The tremor of the severe earth of the 1976 earthquake caused landslides and turbidity currents loaded with sediments that can be clearly seen in nuclei taken from the beds of the lakes. Normally, researchers could expect this tremor to produce the thinnest sediment deposits in the lakes farther from an earthquake, since the seismic waves weaken as they travel away from an epicenter of earthquakes.

But in the Guatemalan lakes, the nuclei with the thickest sediment traces of the earthquake occur at the end of the breakdown of the fault, said Jonathan Obrist-Farner, a geologist at the University of Missouri Science and Technology. “What we see are the lakes that are actually the closest to the epicenter, but right next to the path of breakdown they have very thin deposits.”

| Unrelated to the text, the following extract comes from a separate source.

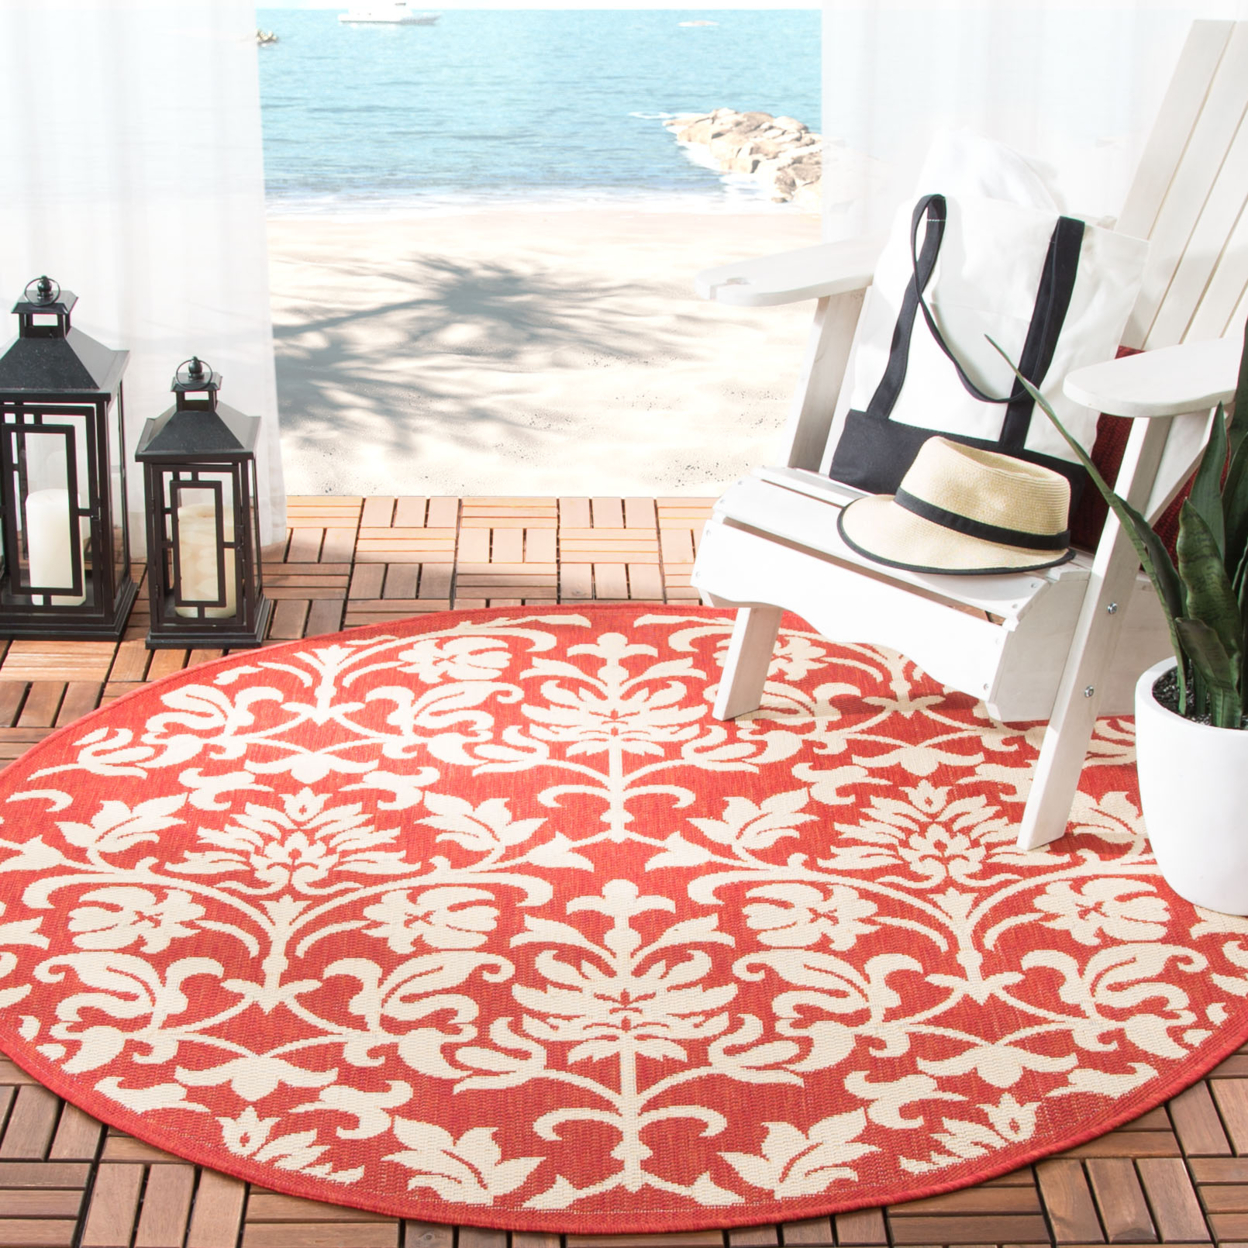 SAFAVIEH Courtyard Yvette Floral Indoor/Outdoor Area Rug, 5'3" x 7'7", Red/Natural - image 2 of 10

Jeremy Maurer, geophysicist also at the University of Missouri, suggested that the unusual pattern had registered in this case the directivity of the 1976 tremor.

It is not unusual for scientists to find evidence of pastmotes past in the sediment nuclei of the lake, Maurer added, pointing out examples of New Zealand to Turkey that offer a vision of how far a particular earthquake could have.

“What has not been done so much is to see where these lakes are in relation to guilt,” Maurer said. “Are they outside the axis or on the axis? Does the direction of the break have an effect on sediment deposits?”

When the US Geological Service collected field data after the 1976 earthquake, “they found, for example, the adobe houses that were 10 kilometers south of the route of the main break that were still standing, but those that were really in the trail of the fault and towards the propagation direction collapsed,” Maurer said. “I think there is a lot of evidence that points to the directivity of the rupture and now we are only looking at it sedimentologically from the lakes.”

The researchers began to recover and analyze the centers of the lakes in 2022. “We think it would be a very interesting opportunity not only to look at the 1976 earthquake, but in reality learning a little more about the paleoseismic history of the plaque limit, of what we know very little,” said Obrist-Farner, who originates from Guatemala.

Although there was a brief avalanche of seismologists in the region after the 1976 earthquake, the impacts of a 36 -year civil war and a scarce instrumentation have left the limit of the badly monitored plaque. Paleoseismic data such as lake records are important to build a more complete image of the country’s seismic risk.

Last year, the Obrist-Farner team recovered its largest nuclei in the lakes, with sediment lengths that can represent up to four thousand years of lake history. Its initial analysis shows evidence of the 1816 earthquake of at least the magnitude 7.5 that is mainly known about historical documents.